A veces se ha querido minusvalorar esa parte de la obra de Luisa Roldán por ser, cómo no, demasiado “femenina” e “intimista”, por contraste con las “grandes” y “poderosas” tallas procesionales o de altar, que también fue capaz de hacer. Sin embargo, ese es precisamente su gran mérito, el de haber sabido encontrar un lenguaje único, sin equivalente en la escultura barroca española, en el que representó actitudes comunes y cercanas, el mundo privado de las familias, dotando así a los personajes sacros de una humanidad conmovedora.

A pesar de su éxito, murió en 1706 en la miseria: ni el rey ni muchos de los nobles que le encargaban obras solían pagarle. No solo porque la España del momento vivía al borde de la ruina, sino también, muy probablemente, porque era mujer. De hecho, se conservan algunas cartas escritas por ella a Carlos II y a su esposa, solicitando que al menos la tratasen como al resto de los artistas de Cámara, todos varones, y le facilitasen una vivienda, cosa que nunca sucedió.

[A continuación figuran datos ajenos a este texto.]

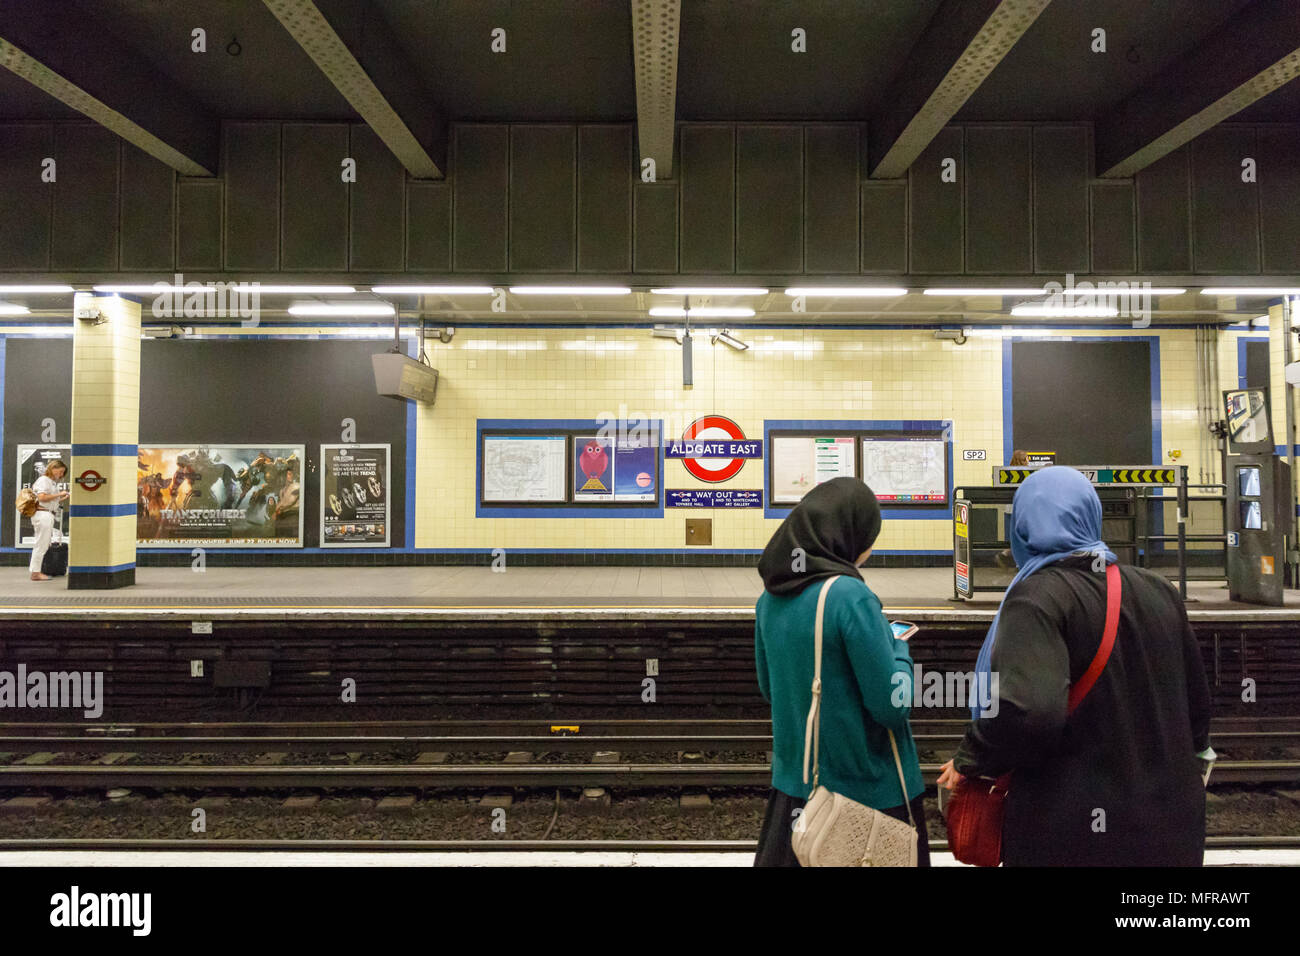 Londres, Royaume-Uni - Mai 04, 2018 - Deux femmes musulmanes en attente sur la plate-forme à la station de métro Aldgate East Banque D'Images

El tiempo le reservó, cómo no, el mismo destino que a la inmensa mayoría de las artistas del pasado: el borrado de su nombre y la atribución de buena parte de su obra a su padre, a otros escultores o a ese “Anónimo” que, como nos enseñó Virginia Woolf, tantas veces fue una mujer. Solo la mirada feminista de las últimas décadas ha logrado sacarla del pozo en el que yacen decenas de pintoras y escultoras injustamente olvidadas y, para colmo, saqueadas. La exposición de Valladolid demuestra definitivamente, sin que nadie pueda ya dudarlo, el nivel excepcional de Luisa Roldán en nuestro universo artístico. Pero, mientras la disfruto, no puedo evitar preguntarme si el aleteo de los pajarracos negros no volverá a mandarnos, a ella y a todas, al mundo de las sombras.